● **EXERCISE DESCRIPTION**
Locate "Sterling silver picture" in the data below, then output the line it is on and all following lines through the last, word for word. Skip any pictures.

● **DATASET SECTION**

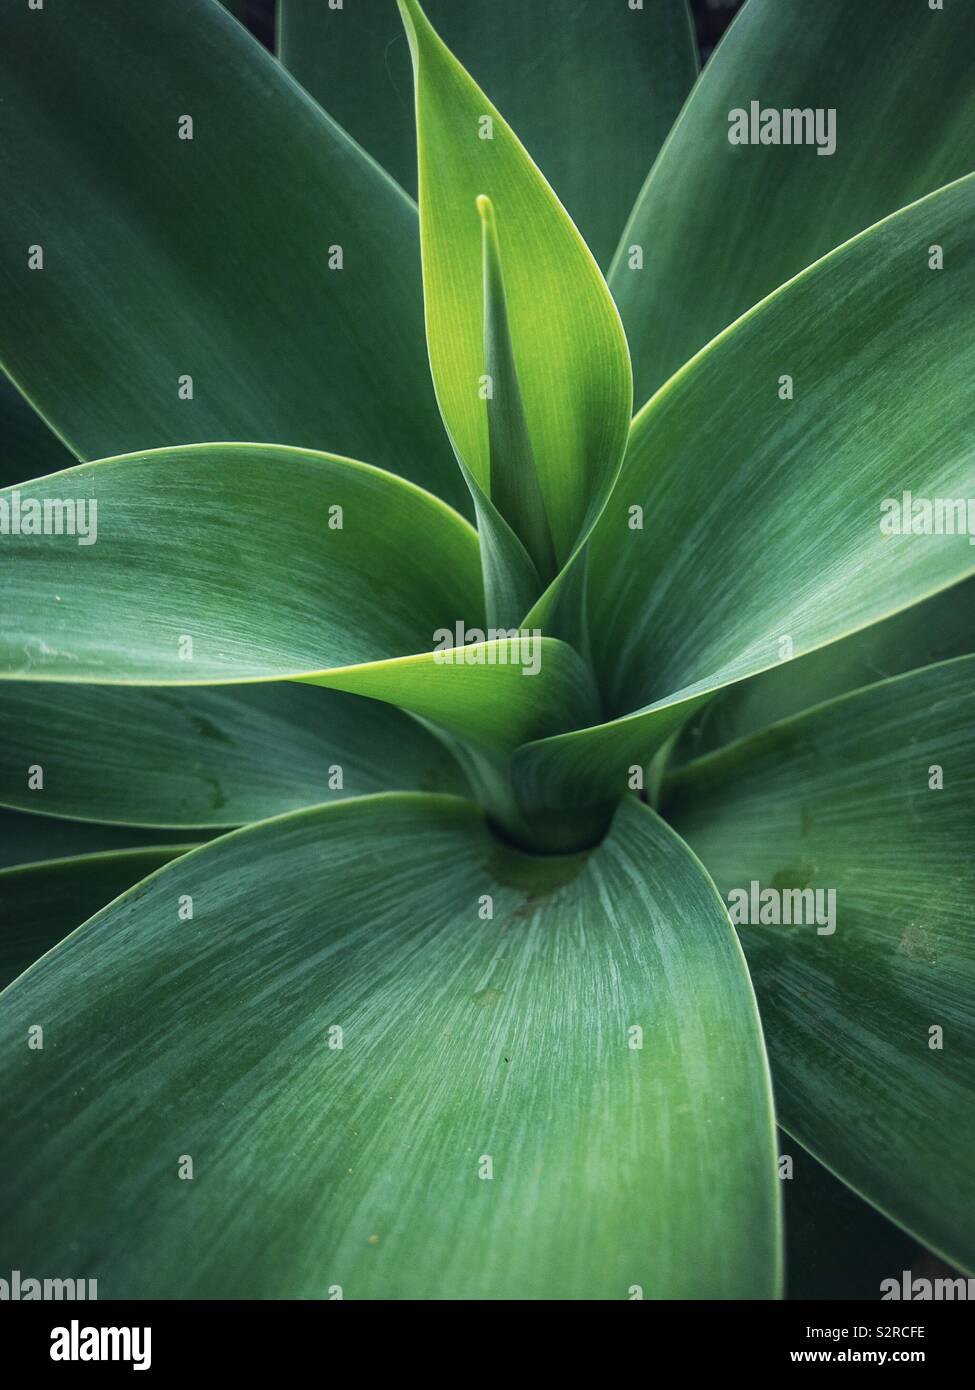 Green plant leaves. Stock Photo
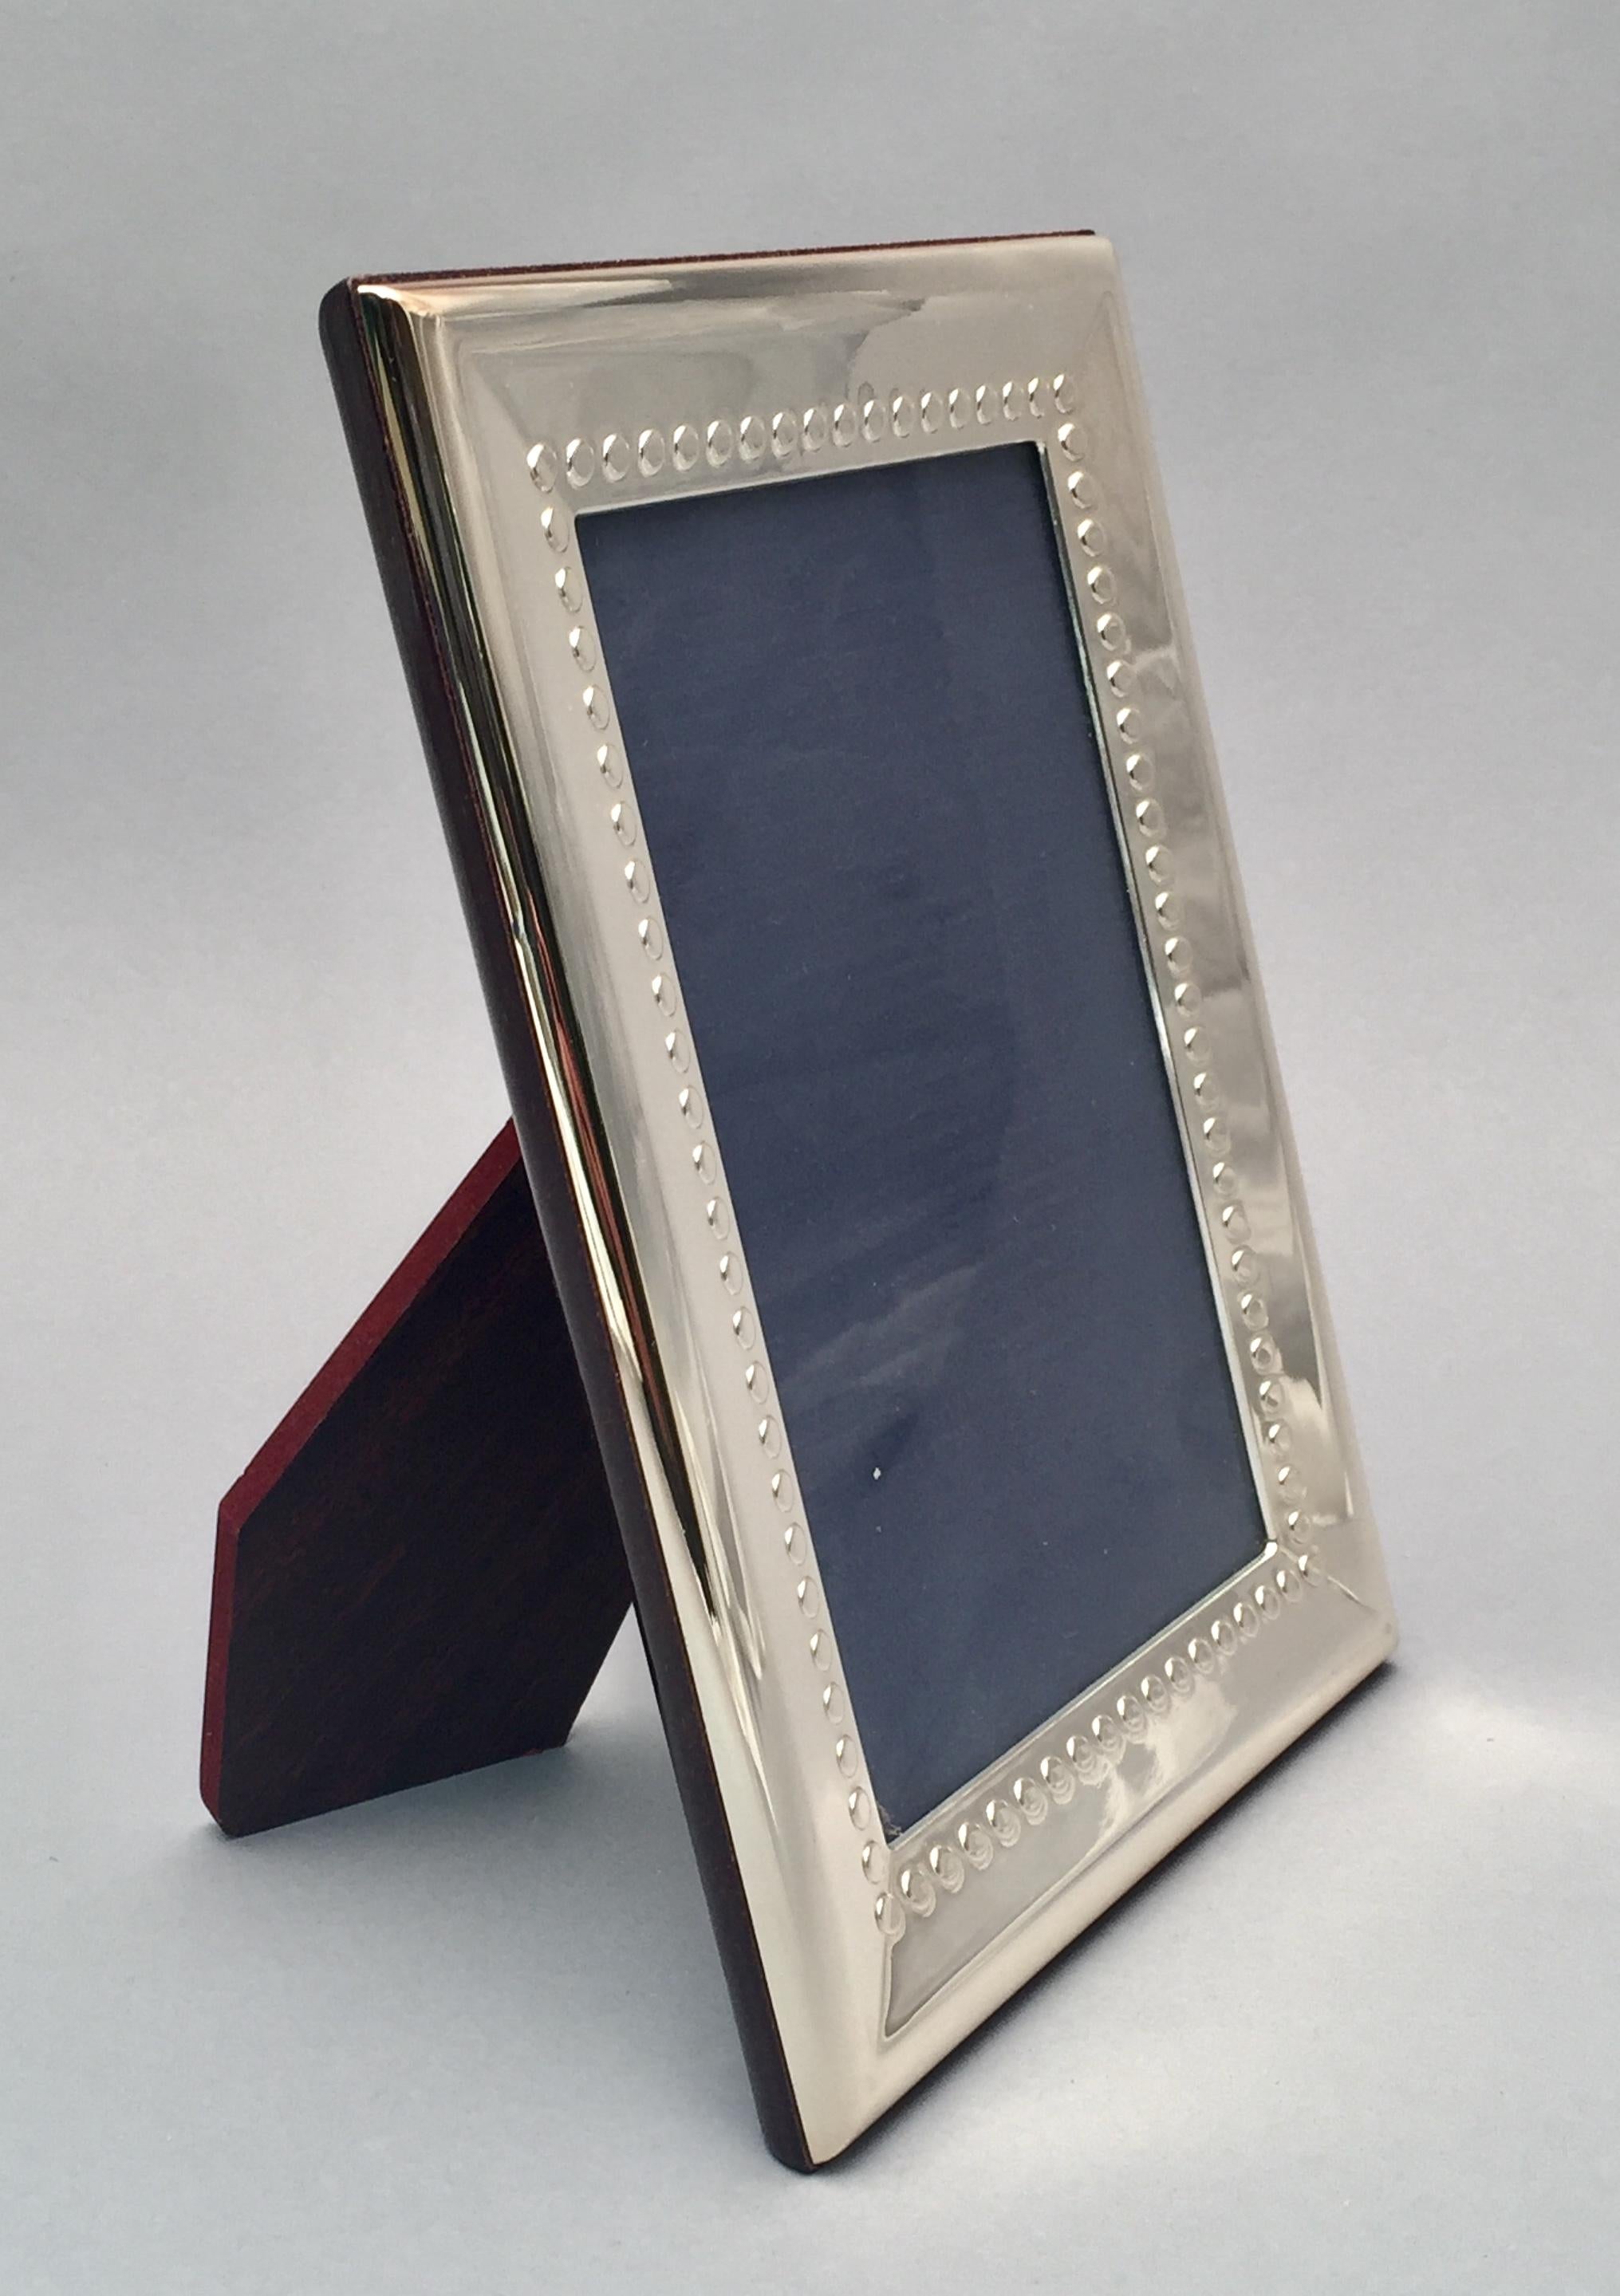 Sterling silver picture frame made in Italy by Del Conte, 5 3/4 x 3 3/4. Designed with a raised polka dot border, glossy wooden back and wooden easel. Can be used as a great frame for wedding pictures, to give as a gift to a friend, or to enhance
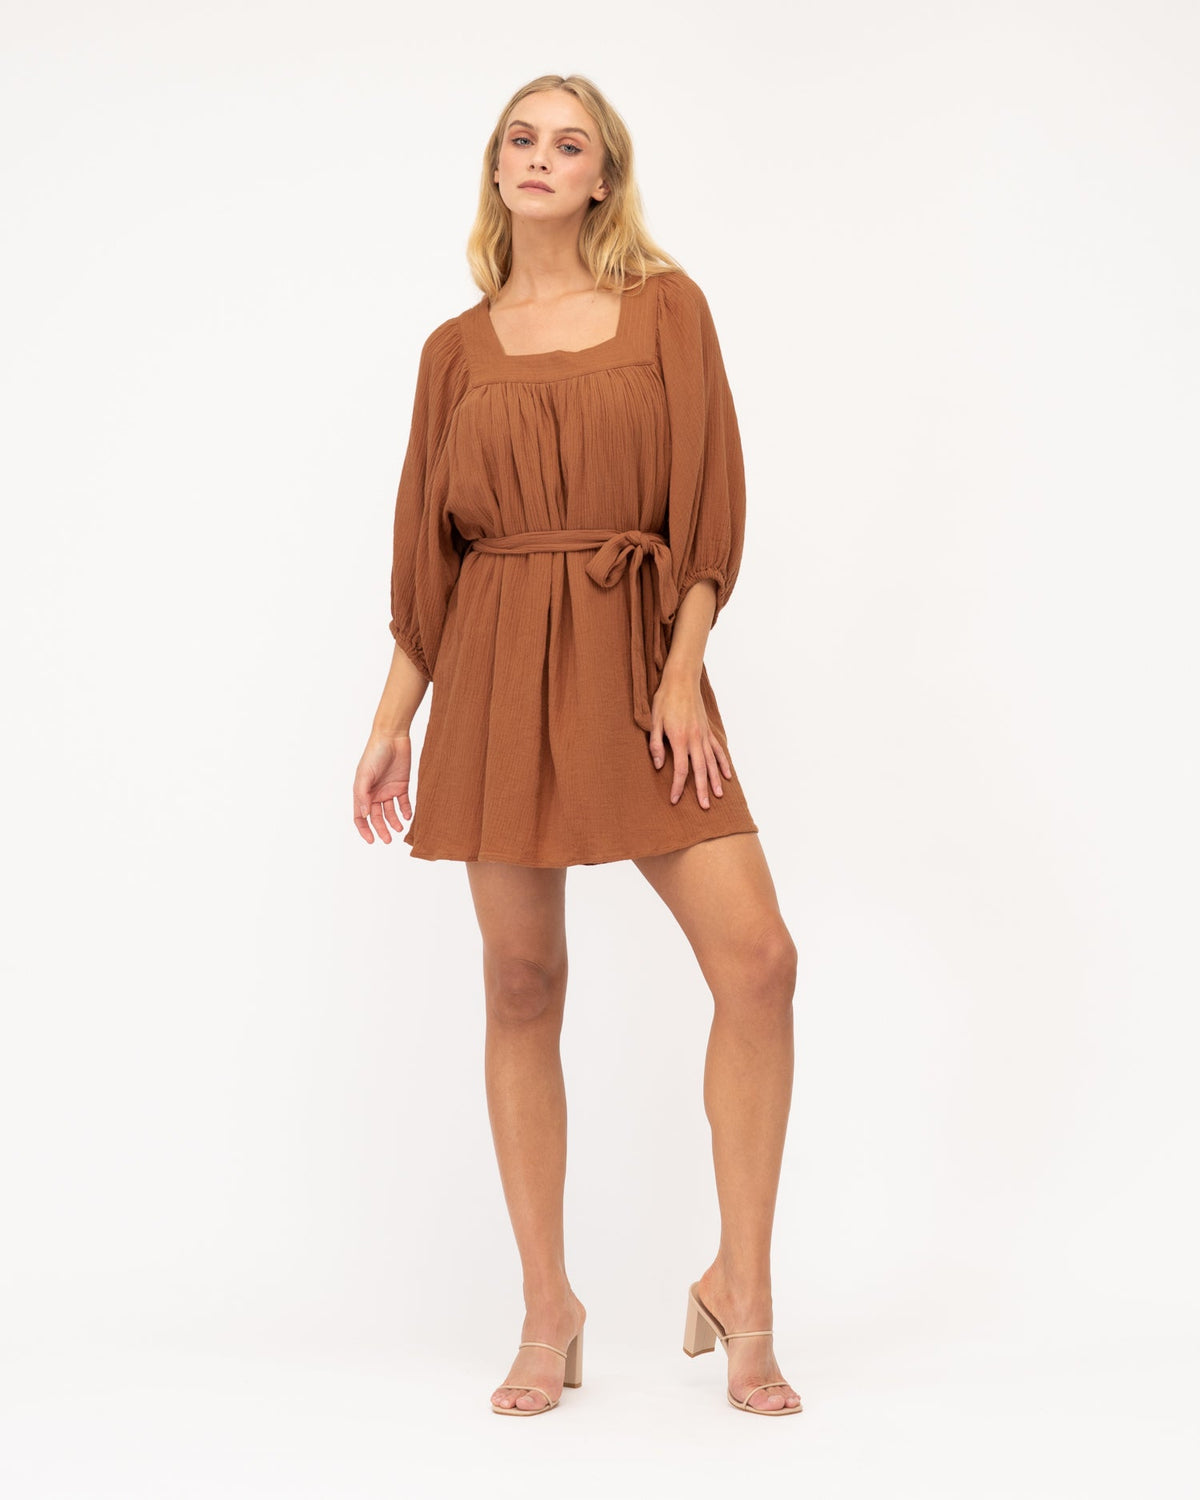 BROWN SQUARE NECK DRESS WITH TIE

● **SOLUTION TO THE PROBLEM**
 Sterling silver picture frame made in Italy by Del Conte, 5 3/4 x 3 3/4. Designed with a raised polka dot border, glossy wooden back and wooden easel. Can be used as a great frame for wedding pictures, to give as a gift to a friend, or to enhance
 BROWN SQUARE NECK DRESS WITH TIE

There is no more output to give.